Shub-Niggurath's appearances in Lovecraft's main body of fiction do not provide much detail about his conception of the entity. Her first mention under Lovecraft's byline was in The Dunwich Horror (1928), where a quote from the Necronomicon discussing the Old Ones breaks into an exclamation of "Iä! Shub-Niggurath!"[1] The story provides no further information about this peculiar expression.

The next Lovecraft story to mention Shub-Niggurath is scarcely more informative. In The Whisperer in Darkness (1930), a recording of a ceremony involving human and nonhuman worshippers includes the following exchange:

Ever Their praises, and abundance to the Black Goat of the Woods. Iä! Shub-Niggurath!
Iä! Shub-Niggurath! The Black Goat of the Woods with a Thousand Young![2]

Similarly unexplained exclamations occur in The Dreams in the Witch House (1932) [3] and The Thing on the Doorstep (1933).[4]

[edit] Revision tales

Lovecraft only provided specific information about Shub-Niggurath in his “revision tales”, stories published under the names of clients for whom he ghost-wrote. As Price points out, “For these clients he constructed a parallel myth-cycle to his own, a separate group of Great Old Ones”, including Yig, Ghatanothoa, Rhan-Tegoth, "the evil twins Nug and Yeb"--and Shub-Niggurath.

While some of these revision stories just repeat the familiar exclamations,[5] others provide new elements of lore. In The Last Test (1927), the first mention of Shub-Niggurath seems to connect her to Nug and Yeb: "I talked in Yemen with an old man who had come back from the Crimson Desert--he had seen Irem, the City of Pillars, and had worshipped at the underground shrines of Nug and Yeb--Iä! Shub-Niggurath!"[6]

The revision story The Mound, which describes the discovery of an underground realm called K'n-yan by a Spanish conquistador, reports that a temple of Tsathoggua there "had been turned into a shrine of Shub-Niggurath, the All-Mother and wife of the Not-to-Be-Named-One. This deity was a kind of sophisticated Astarte, and her worship struck the pious Catholic as supremely obnoxious."[7]

The reference to "Astarte", the consort of Baal in Semitic mythology, ties Shub-Niggurath to the related fertility goddess Cybele, the Magna Mater mentioned in Lovecraft's "The Rats in the Walls", and implies that the "great mother worshipped by the hereditary cult of Exham Priory" in that story "had to be none other than Shub-Niggurath."[8]

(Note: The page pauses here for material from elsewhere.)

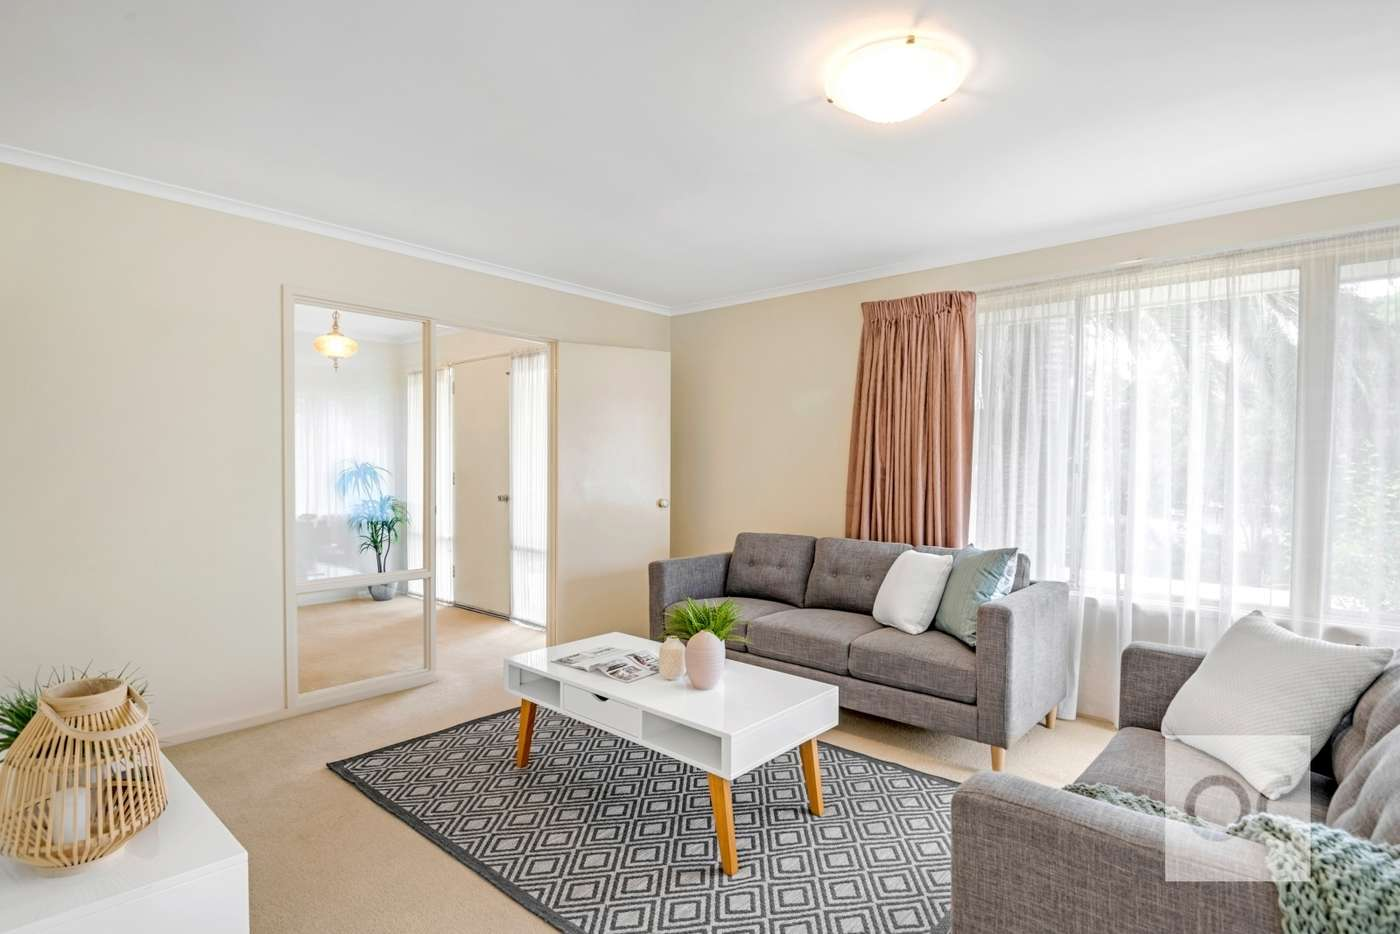 Sixth view of Homely house listing, 1 Pepe Court, Modbury North SA 5092
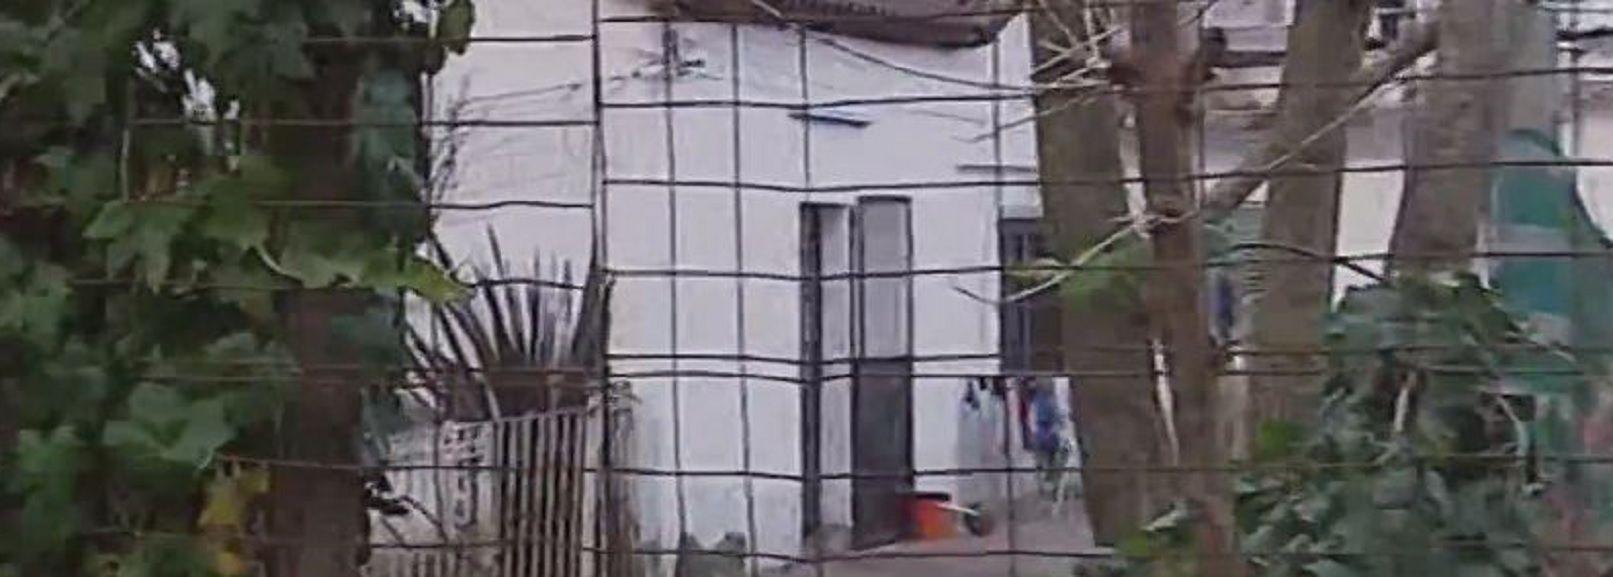 Acribillaron a tres personas en un presunto ajuste narco en Moreno

The Not-to-Be-Named-One, not being named, is difficult to identify; a similar phrase, translated into Latin as the Magnum Innominandum, appears in a list in "The Whisperer in Darkness"[9] and was included in a scrap of incantation that Lovecraft wrote for Robert Bloch's "The Shambler from the Stars".[10] August Derleth identifies this mysterious entity with Hastur [11] (though Hastur appears in the same "Whisperer in Darkness" list with the Magnum Innominandum), while Robert M. Price equates him with Yog-Sothoth--though he also suggests that Shub-Niggurath's mate is implicitly the snake god Yig.[12]

Finally, in "Out of the Aeons", a revision tale set in part on the lost continent of Mu, Lovecraft describes the character T'yog as the "High Priest of Shub-Niggurath and guardian of the copper temple of the Goat with a Thousand Young". In the story, T'yog surprisingly maintains that "the gods friendly to man could be arrayed against the hostile gods, and...that Shub-Niggurath, Nug, and Yeb, as well as Yig the Serpent-god, were ready to take sides with man" against the more malevolent Ghanatothoa. Shub-Niggurath is called "the Mother Goddess", and reference is made to "her sons", presumably Nug and Yeb.[13]

[edit] Other references

Other evidence of Lovecraft's conception of Shub-Niggurath can be found in his letters. For example, in a letter to Willis Conover, Lovecraft described her as an "evil cloud-like entity".[14]

[edit] The Black Goat

Although Shub-Niggurath is often associated with the epithet "The Black Goat of the Woods with a Thousand Young", it is possible that this Black Goat is a separate entity. Rodolfo Ferraresi, in his essay "The Question of Shub-Niggurath", says that Lovecraft himself separated the two in his writings, such as in "Out of the Aeons" (1935) in which a distinction is made between Shub-Niggurath and the Black Goat — the goat is the figurehead through which Shub-Niggurath is worshipped. In apparent contrast to Shub-Niggurath, the Black Goat is sometimes depicted as a male, most notably in the rite performed in "The Whisperer in Darkness" (1931) in which the Black Goat is called the "Lord of the Woods".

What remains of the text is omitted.